Why the Kullback-Leibler Divergence is never negative

measure-theorystatistics

The Kullback-Leibler Divergence for the continuous case for two probability densities $p$ and $q$ is

$$D_\text{kl}\left(p,q\right) = \int_{x\in\chi}\left(p(x)\log(p(x)) – p(x)\log(q(x))\right)\text{d}x$$.

Then, how come that for any choice of $q$, $D_\text{kl}\left(p,q\right)\geq0$?


I will attempt to prove by absurd. Suppose that there exists a probability distribution $q$ in which $D_\text{kl}\left(p,q\right)<0$. An initial guess would be to make

$\forall x\in\chi: q(x)>p(x)$

But that doesn't hold since both $p$ and $q$ must have integrals adding up to one:

$$\int_{x\in\chi}q(x)\text{d}x>\int_{x\in\chi}p(x)\text{d}x = 1 \unicode{x21af}$$.

So, $p$ and $q$ must intersect at least once, meaning that we can divide the integral into two parts, one in which $p\geq q$ and another with $p<q$:

$$D_\text{kl}\left(p,q\right) = \int_{x\in\chi_{q\geq p}}\left(p(x)\log(p(x)) – p(x)\log(q(x))\right)\text{d}x + \int_{x\in\chi_{q< p}}\left(p(x)\log(p(x)) – p(x)\log(q(x))\right)\text{d}x$$.

On the second term, choose $q$ so that it gets arbitrarily close to $p$ as possible

$$\forall x\in\chi_{q<p} : q(x) = p(x)-\epsilon(x)$$.
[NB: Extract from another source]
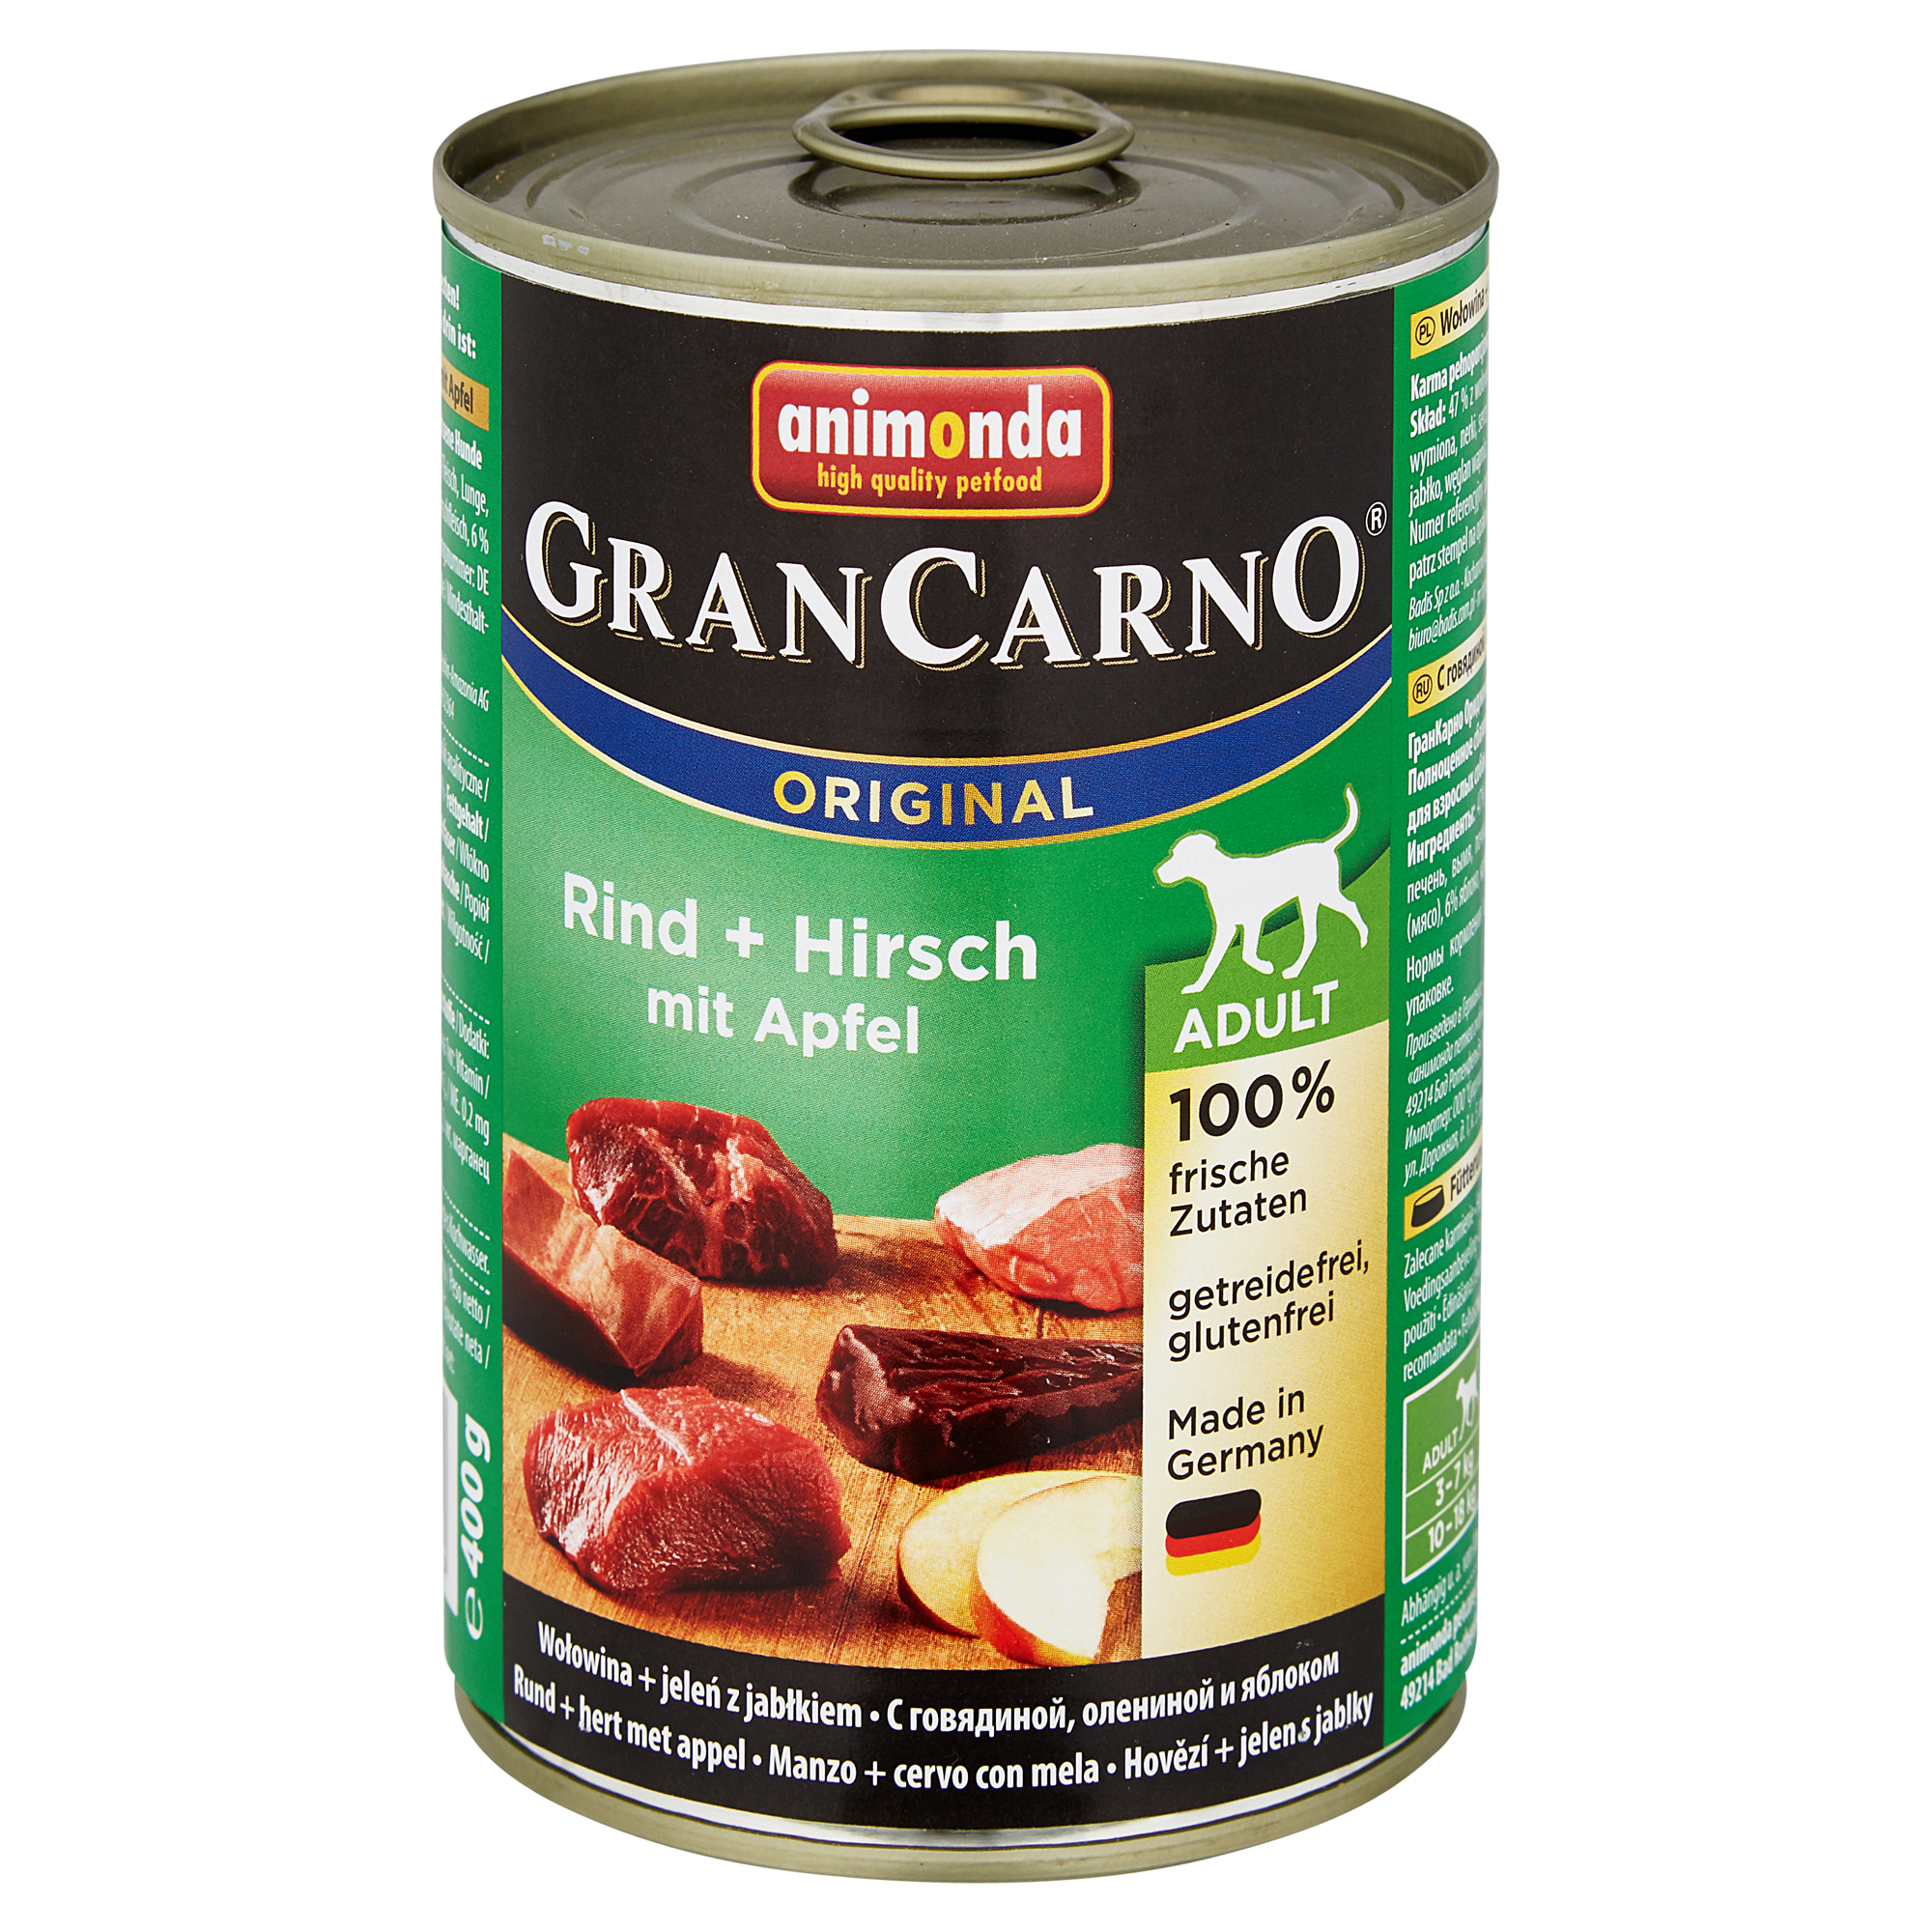 Hundenassfutter "Gran Carno" Original Rind/Hirsch/Apfel 400 g + product picture
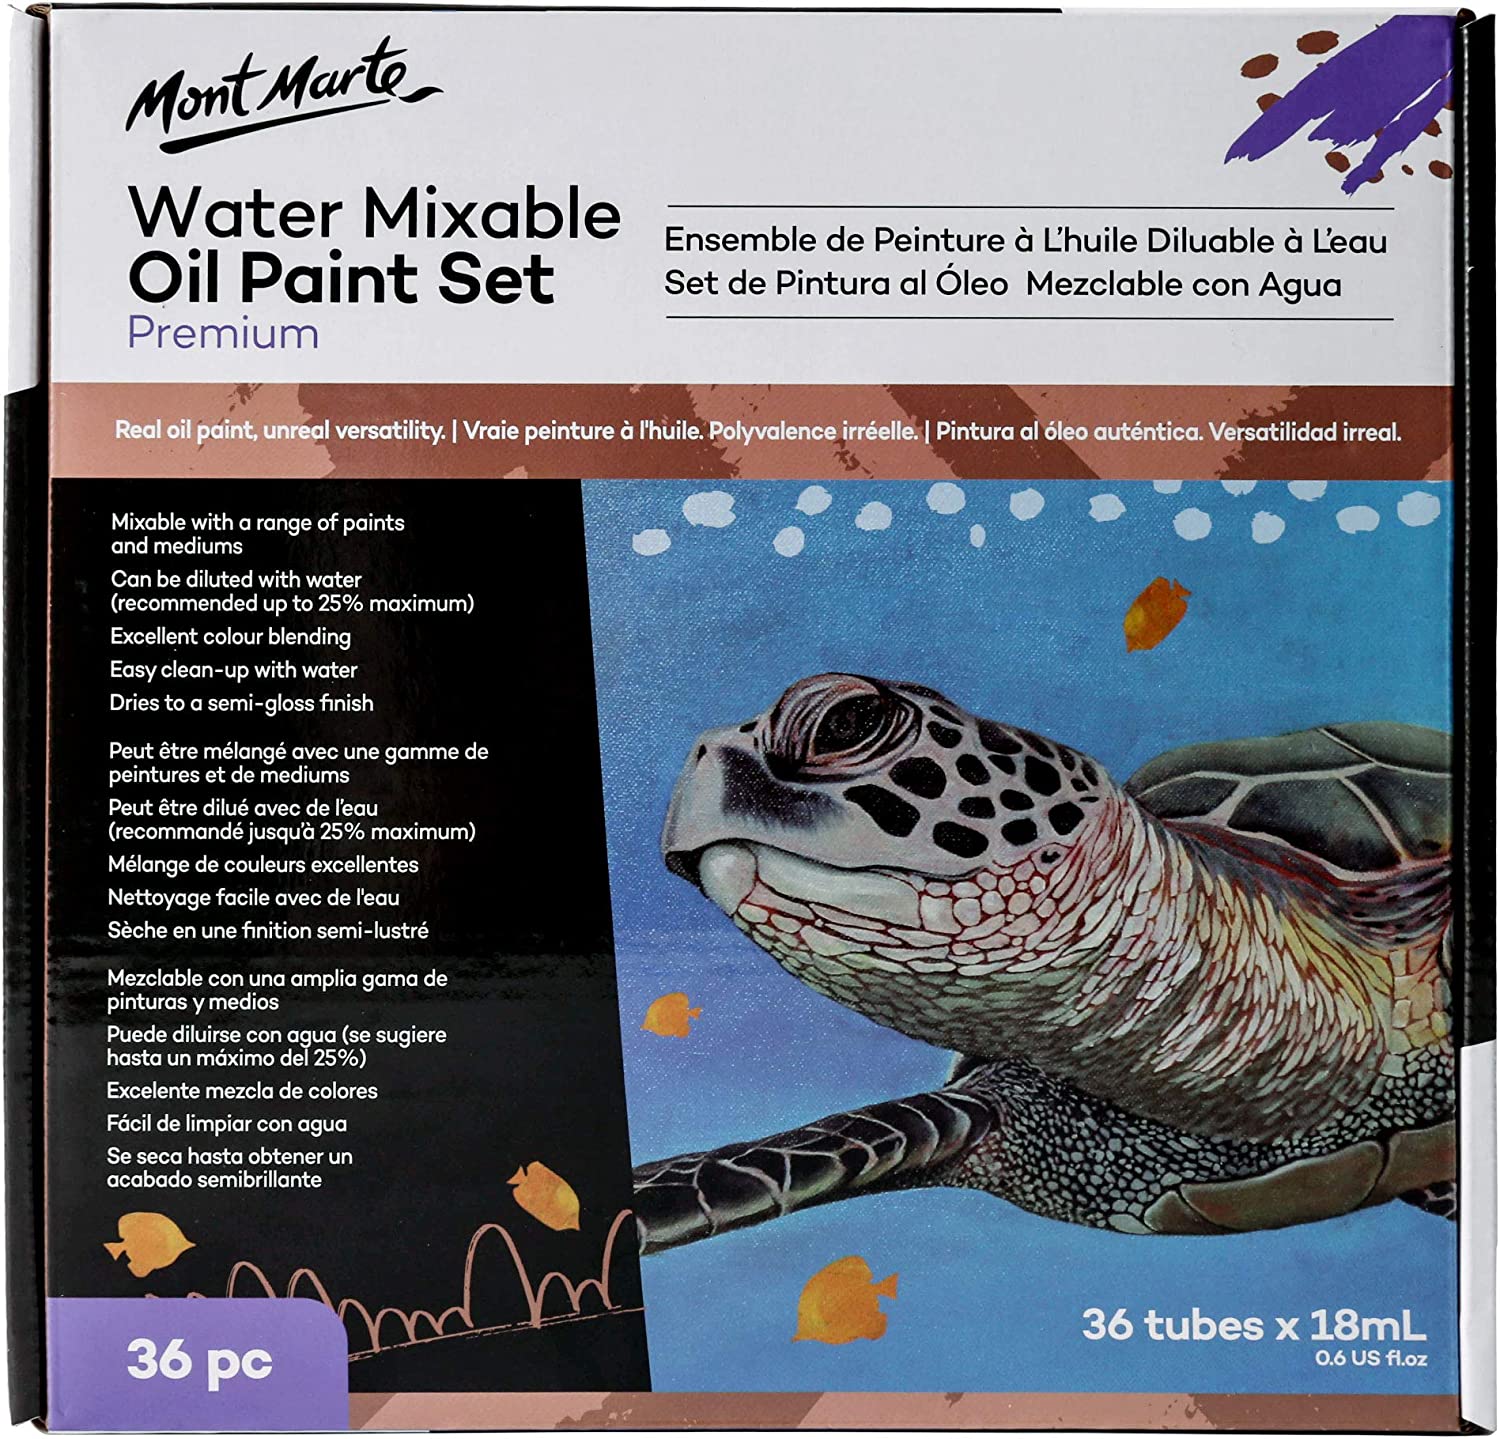 Mont Marte Premium H2O Water Mixable Oil Paint Set back

Whereas in the first term, we want $q\geq p$. However, if we choose $q>p$:

$$\int_{x\in\chi}q(x)\text{d}x = \int_{x\in\chi_{q\geq p}}q(x)\text{d}x + \int_{x\in\chi_{q<p}}q(x)\text{d}x>\int_{x\in\chi_{q\geq p}}p(x)\text{d}x + \int_{x\in\chi_{q<p}}p(x)\text{d}x – \int_{x\in\chi_{q<p}}\epsilon(x)\text{d}x$$
$$\int_{x\in\chi}q(x)\text{d}x>1- \int_{x\in\chi_{q<p}}\epsilon(x)\text{d}x$$.

We have an absurd on the limit $\epsilon(x)\to0$. So, the only suitable choice for $q$ is $q=p$.

Best Answer

The most elementary proof uses the inequality $\log t\leq t -1$ for $t >0$, which can be verified by differentiation. Note that restricting the integration in the definition of $D_\text{kl}\left(p,q\right)$ to the set $\{x: p(x)>0\}$ does not affect the value of the integral. Therefore,

$$-D_\text{kl}\left(p,q\right) = \int_{p(x)>0} p(x)\log \frac{q(x)}{p(x)} \,\text{d}x $$ $$\leq \int_{p(x)>0} p(x) \Bigl(\frac{q(x)}{p(x)}-1 \Bigr) \,\text{d}x = \int_{p(x)>0} q(x) \,\text{d}x - \int_{p(x)>0} p(x) \,\text{d}x \leq 0\,.$$

There are other proofs using convexity and Jensen's inequality.